Secondly, by scaling of the features (remember, all features are in range [-1, 1]), the clusters do not exhibit anisotropy in any of directions. In other words, if e.g. the x-axis had 5 times the range, we would expect it’s influence to be much stronger and thus the cluster would be elongated vertically.

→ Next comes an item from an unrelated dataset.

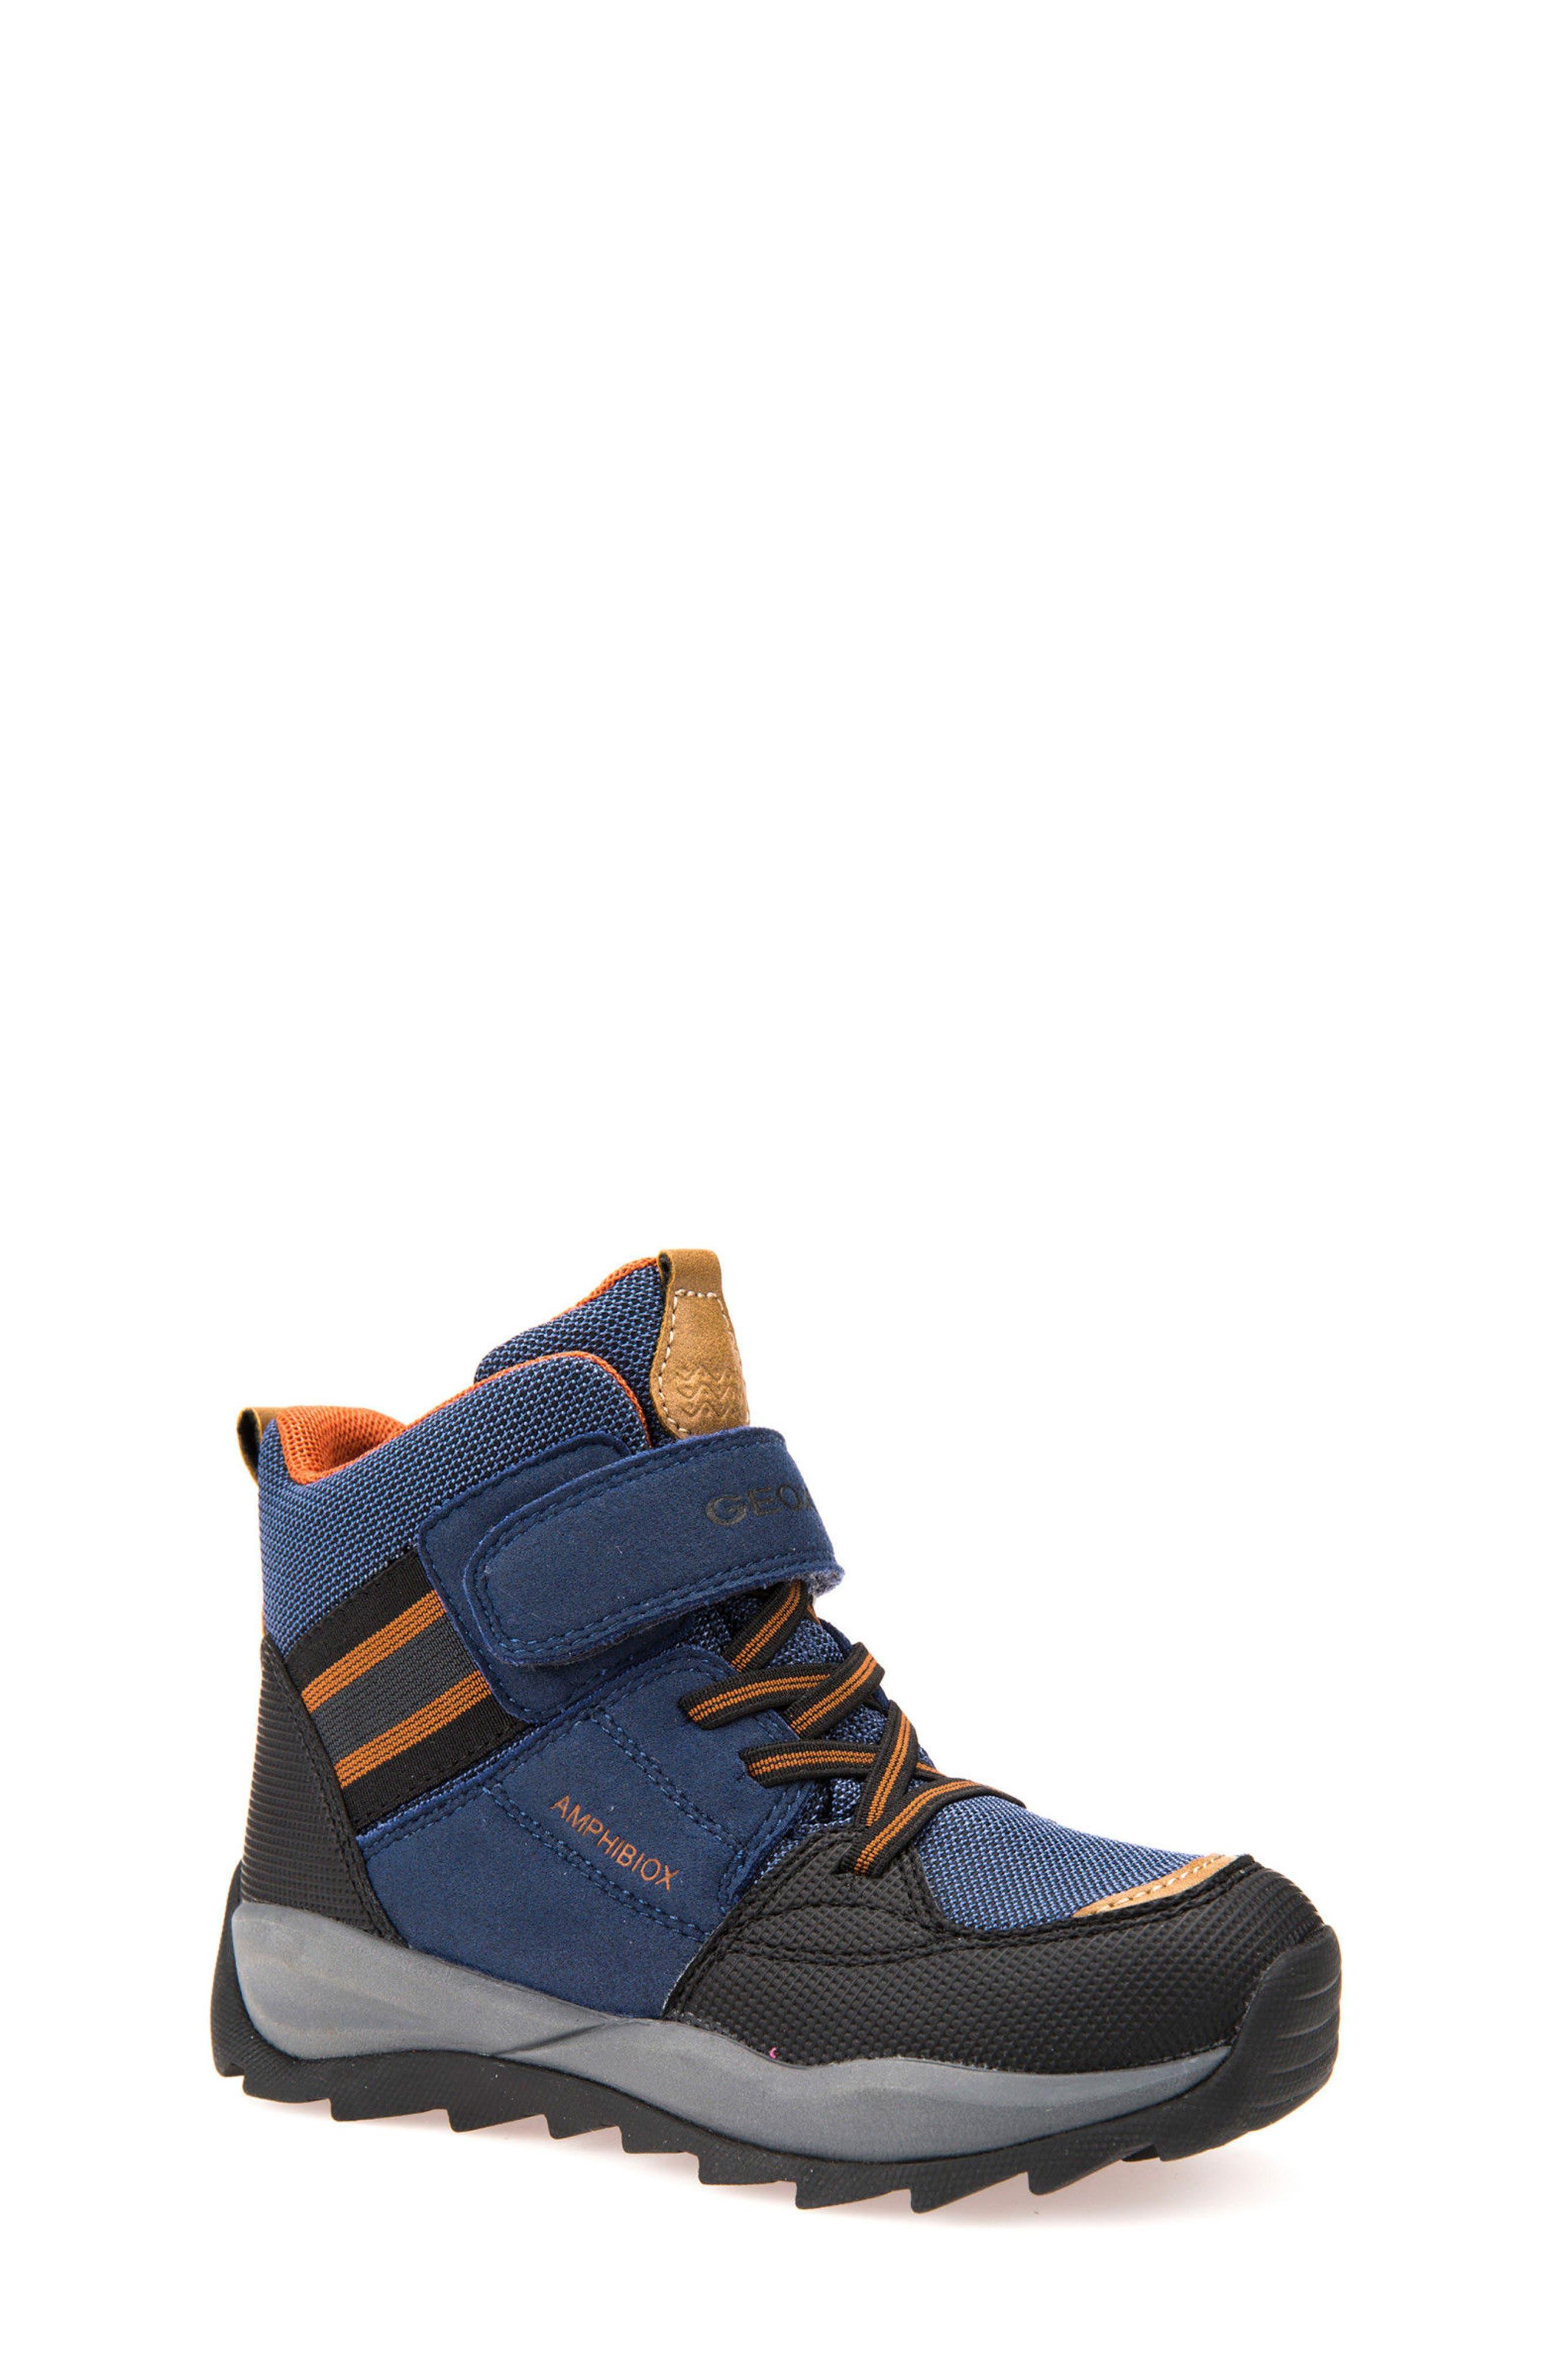 GEOX Orizont ABX Waterproof Boot, Main, color, 402
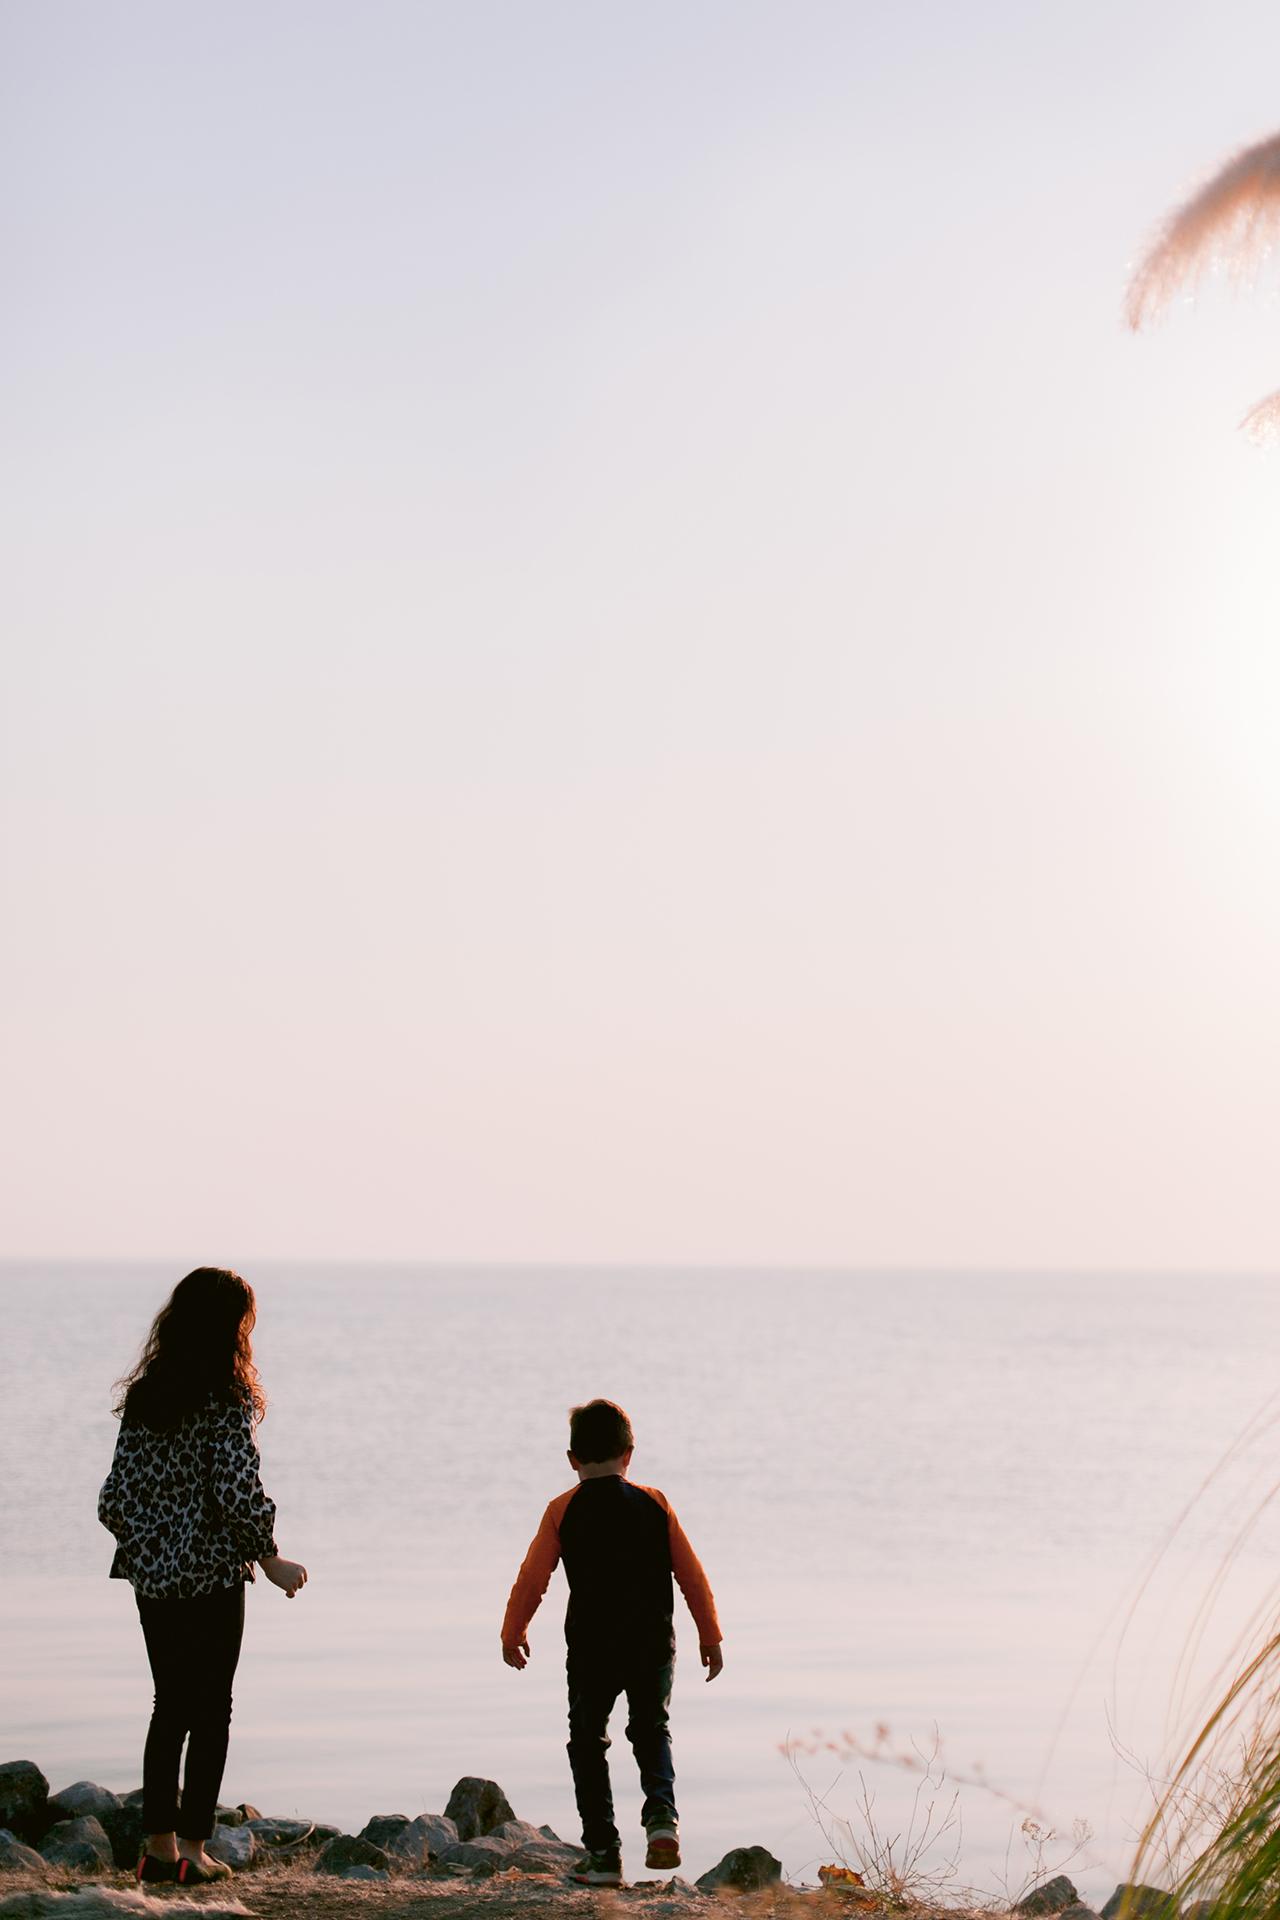 Alameda_Children_and_Family_Portrait_002.jpg

Finally, by ensuring the continuity in East-West axis, our clusters are not distorted by presence of the boundary conditions.

Conclusions

We have seen how K-Means Clustering algorithm can be put into use in our hypothetical world. However, the usage just demonstrated is actually very traditional, and can be applied in similar situations, giving especially good results when working on smaller maps. The algorithm helps to spot similarities that exist regardless of any administrative divisions.